Wednesday, April 28, 2010

2nd year NUS ecology students study Labrador Rocky Shore

I introduced an ecology practical at Labrador Rocky Shore with undergraduates in the new second year life science module (LSM2251) to study the diversity and zonation there. I realised almost all the students were unfamiliar with the fauna there and when I checked, I found that about 80% were visiting the park for the first time.

In addition to its characteristic crabs and mollusc, Labrador Rocky Shore is a great place to study marine algae. The animal they were most amazed to encounter was of course, the octopus. Happily there was one individual most nights to fascinate students.

Since there are about 100 students in the class each semester, I split them into two sessions of 50 and divide each session into groups of about 10 each. These groups are then spaced out widely along the rocky shore to reduce impact to any one site. We sent the first two batches (last October and February) and have a better idea of what we can achieve with the class and advise to provide about the reports prior to them writing it.

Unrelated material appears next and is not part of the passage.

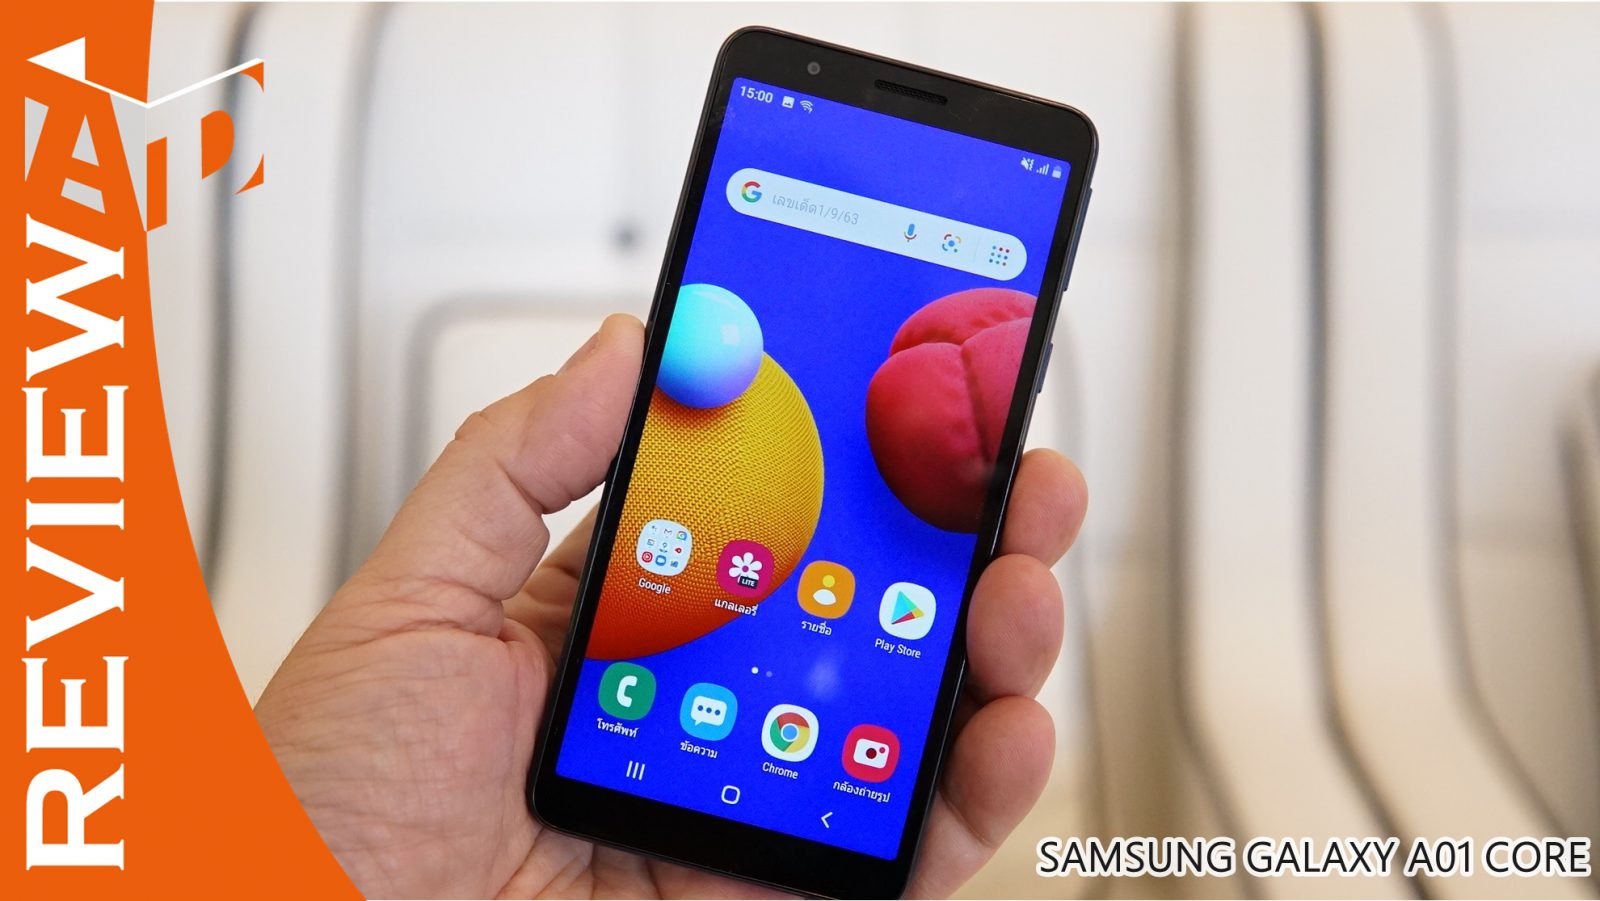 Samsung Galaxy A01 Core review | A01 Core | รีวิว Samsung Galaxy A01 Core ถูกสุดของซัมซุงกับสเปคเริ่มต้น เน้นอึดทน มาในระบบ Android GO

In future years the students will study the community with the use of Simpson's index to contribute to long-term monitoring of the rocky shore. This will mean boning up during the pre-field trip lab session. It will have to be more rigorous exercise than this year with a greater array of specimens of typical fauna from the Raffles Museum so that they have a grasp of identification before the actual field trip. The intention is to contribute to the monitoring of the rocky shore community which NParks has welcomed.